Extracted information |

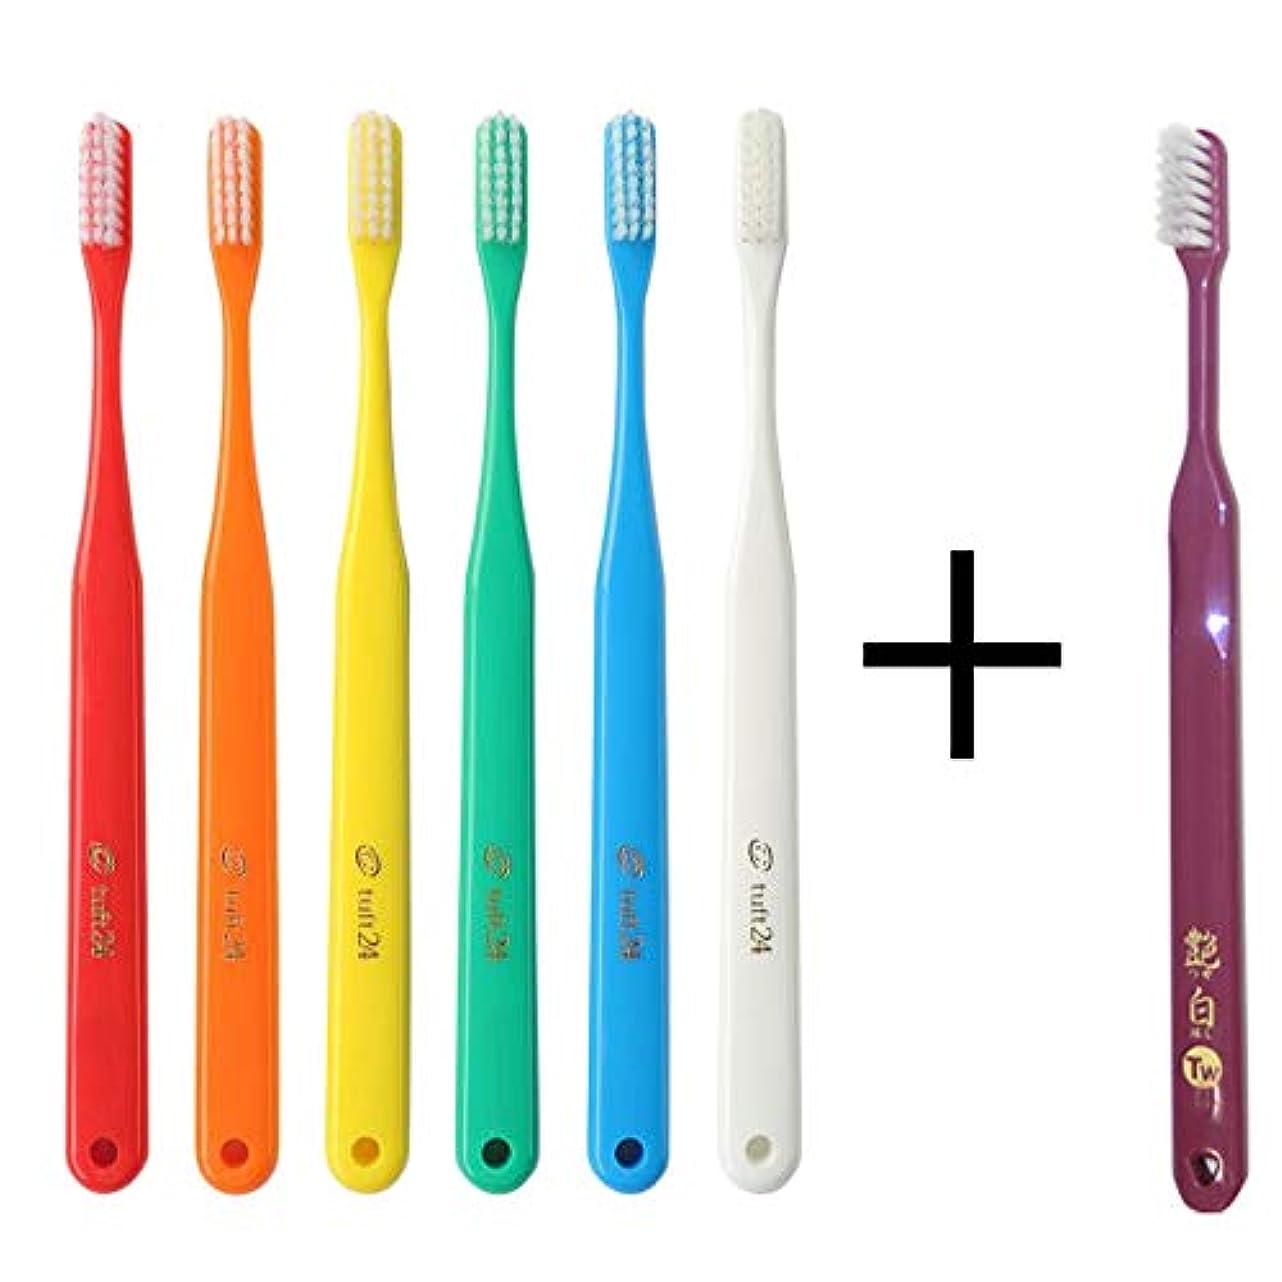 ビュッフェペチュランス服を洗うキャップなし タフト24 歯ブラシ × 25本入 S (アソート) + 艶白 歯ブラシ (日本製) ×1本 MS(やややわらかめ) 大人用歯ブラシ 歯科医院取扱品
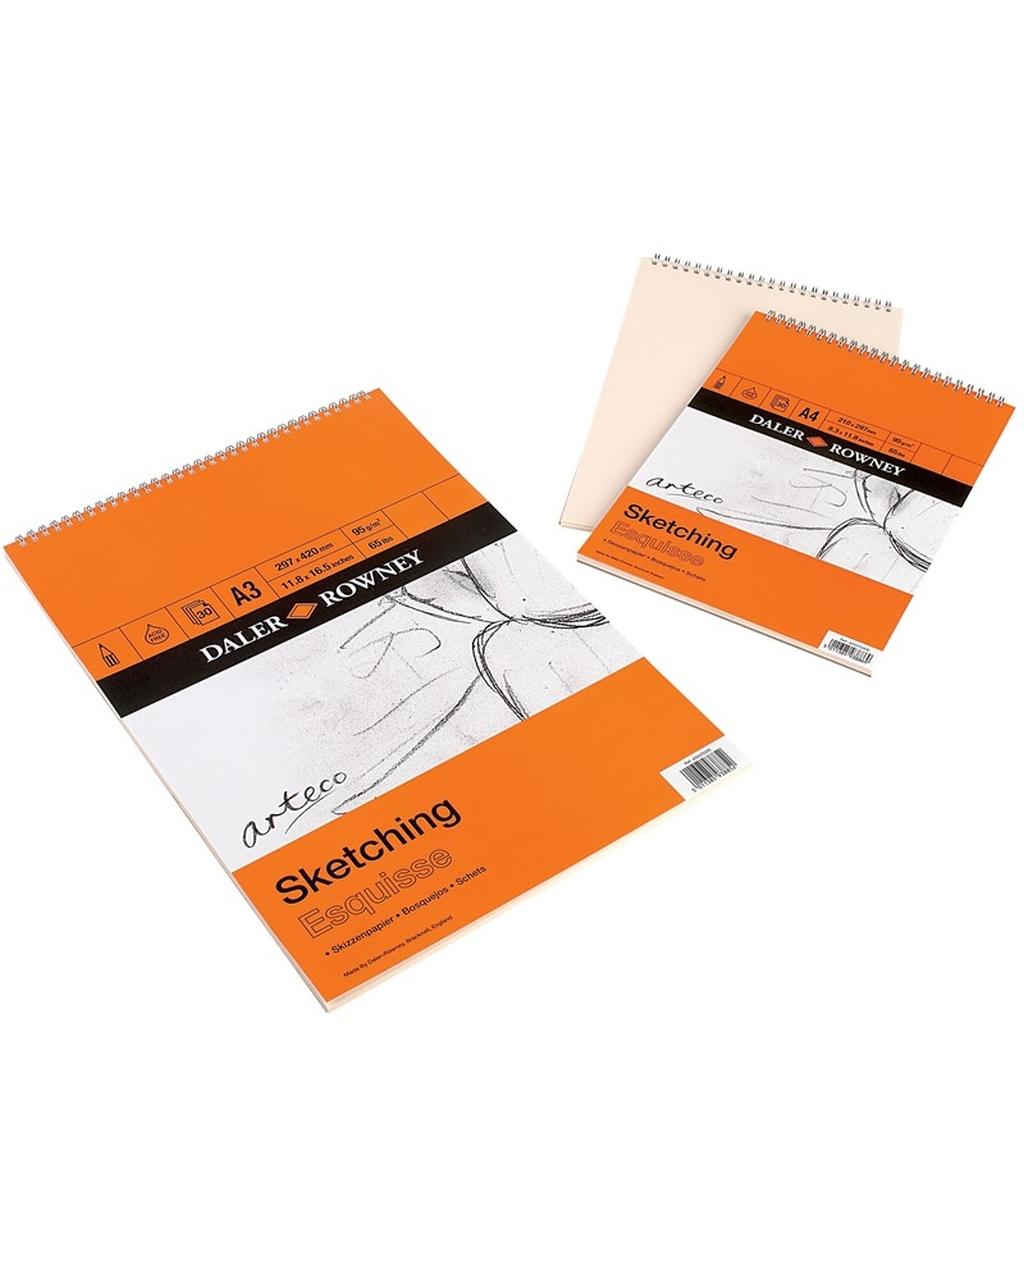 A3 Daler-Rowney Spiral Sketch Pads,30 sheets,95gsm
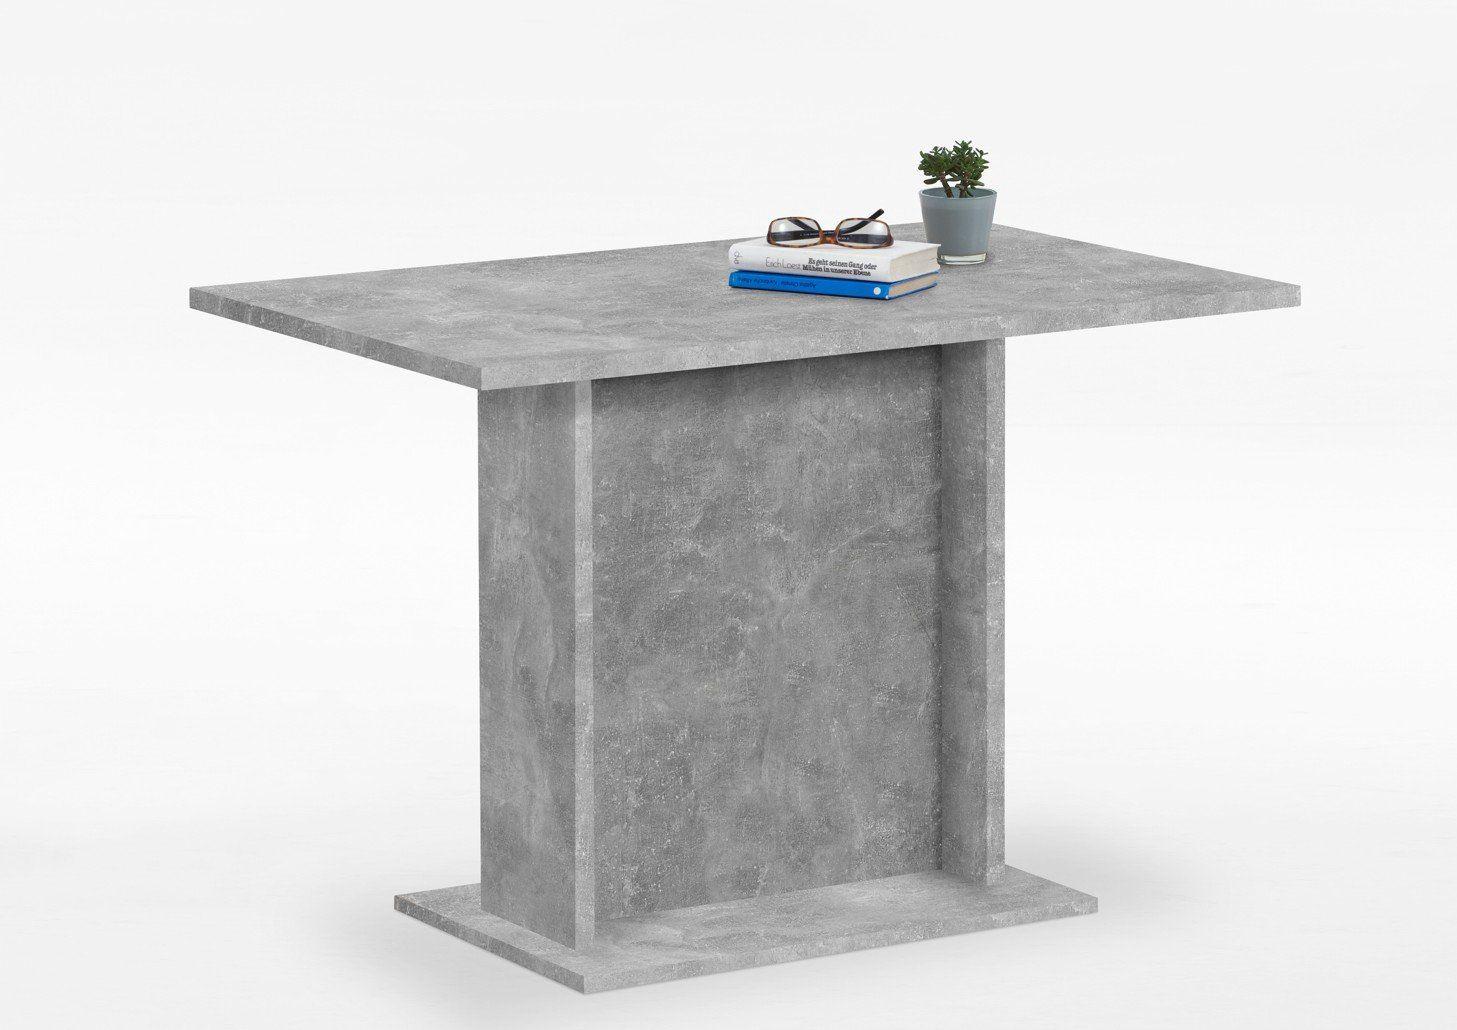 Esstisch 110 x 70 cm Betonoptik - BANDOL 3
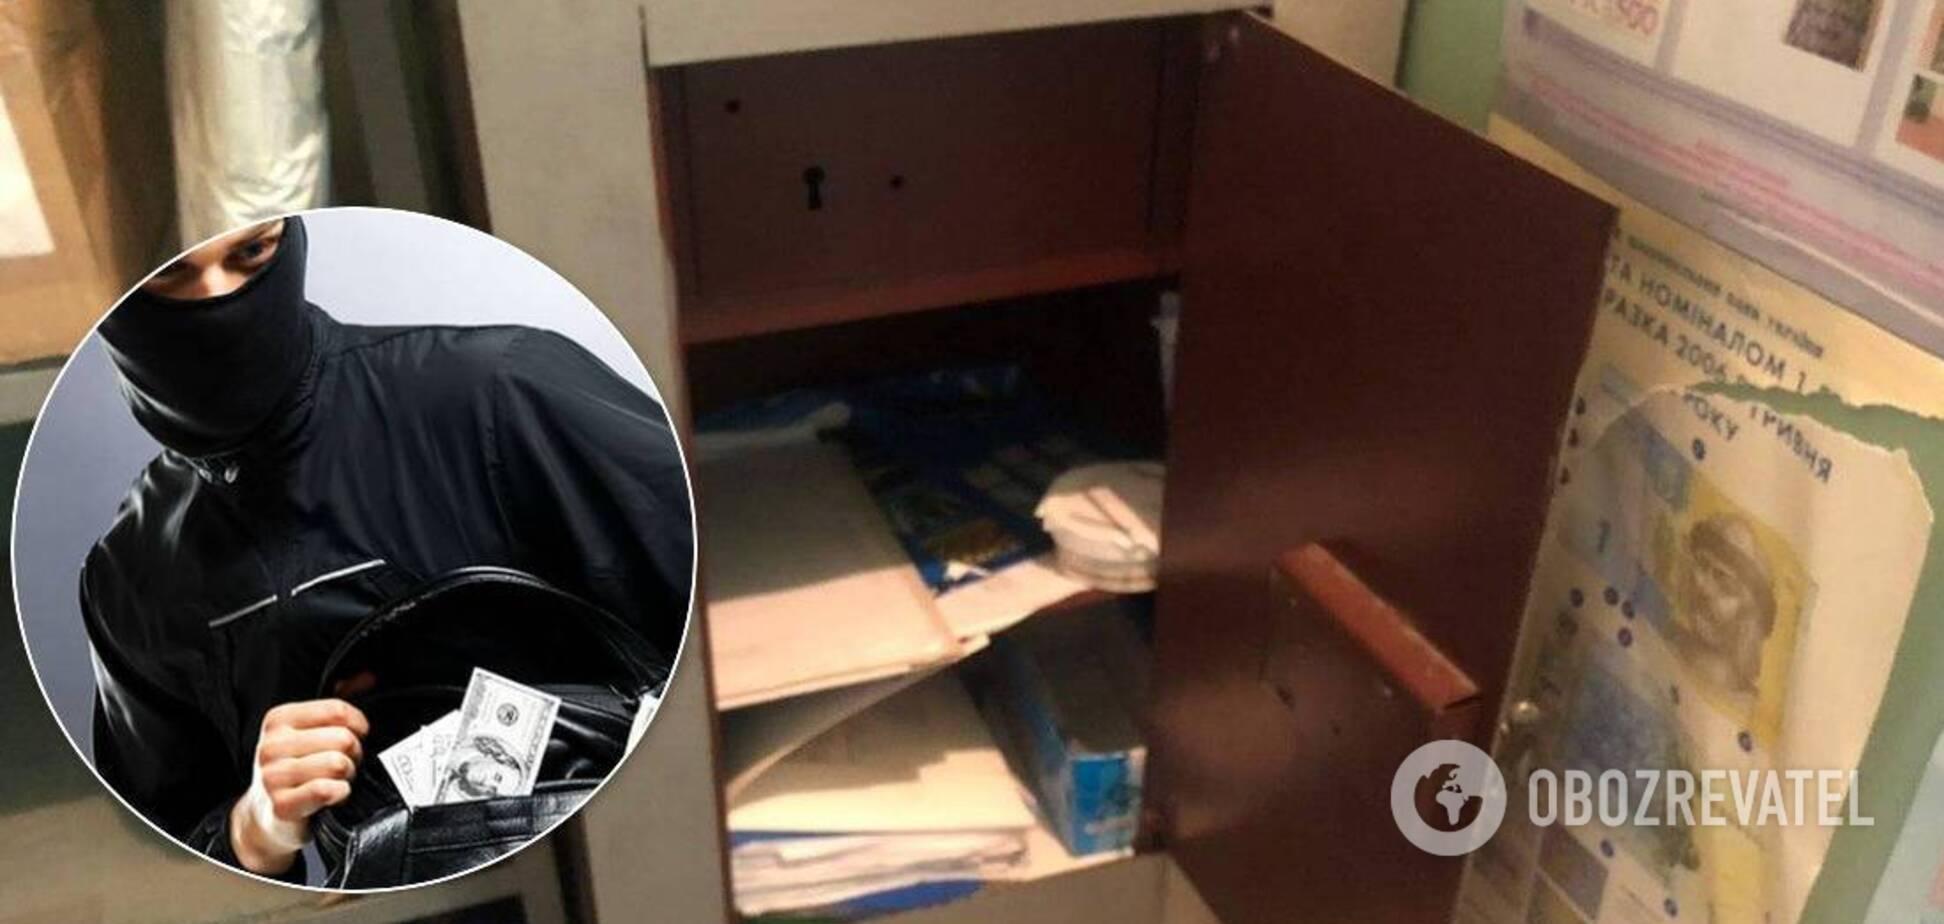 Неизвестный в балаклаве ограбил в Харькове отделение 'Укрпочты'
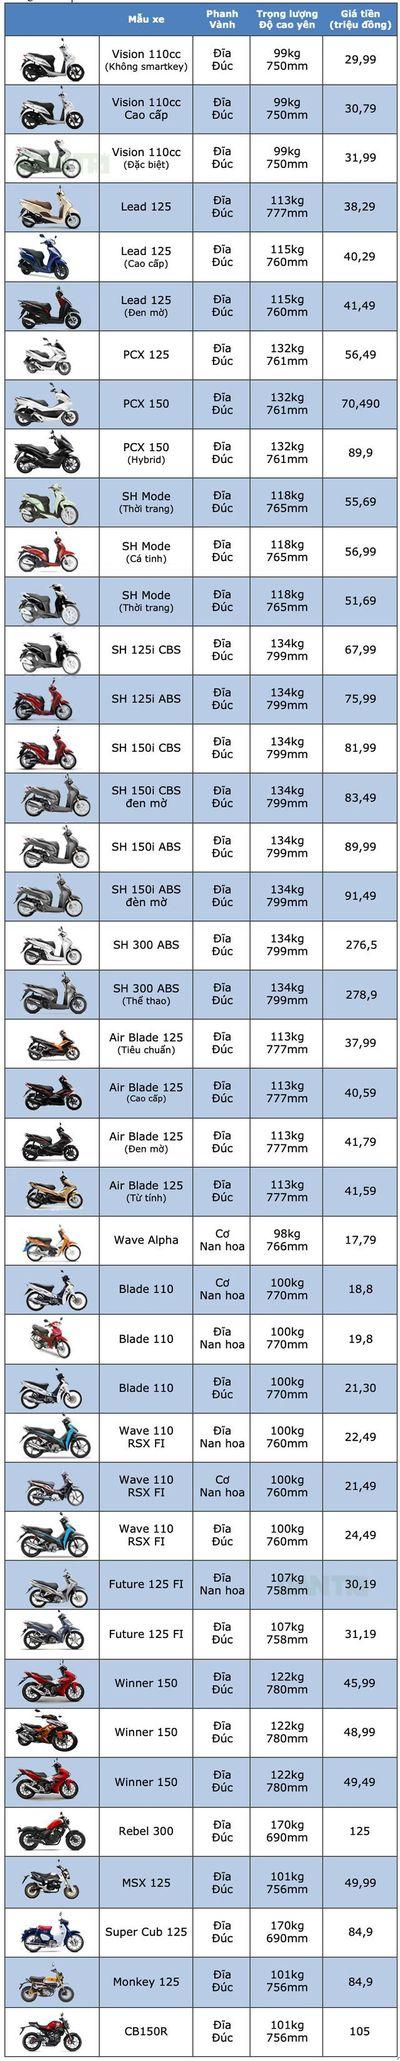 Bảng giá xe máy Honda mới nhất tháng 8/2019: SH 2019 đội giá từ 8 - 12 triệu đồng - ảnh 1

Exercise description | Omit the pictures and retype exactly the lines from the one containing "Esstisch 110 x 70 cm Betonoptik - BANDOL 3" through the end of the entries above.

Response box |
 Esstisch 110 x 70 cm Betonoptik - BANDOL 3
 Неизвестный в балаклаве ограбил в Харькове отделение 'Укрпочты'
 Bảng giá xe máy Honda mới nhất tháng 8/2019: SH 2019 đội giá từ 8 - 12 triệu đồng - ảnh 1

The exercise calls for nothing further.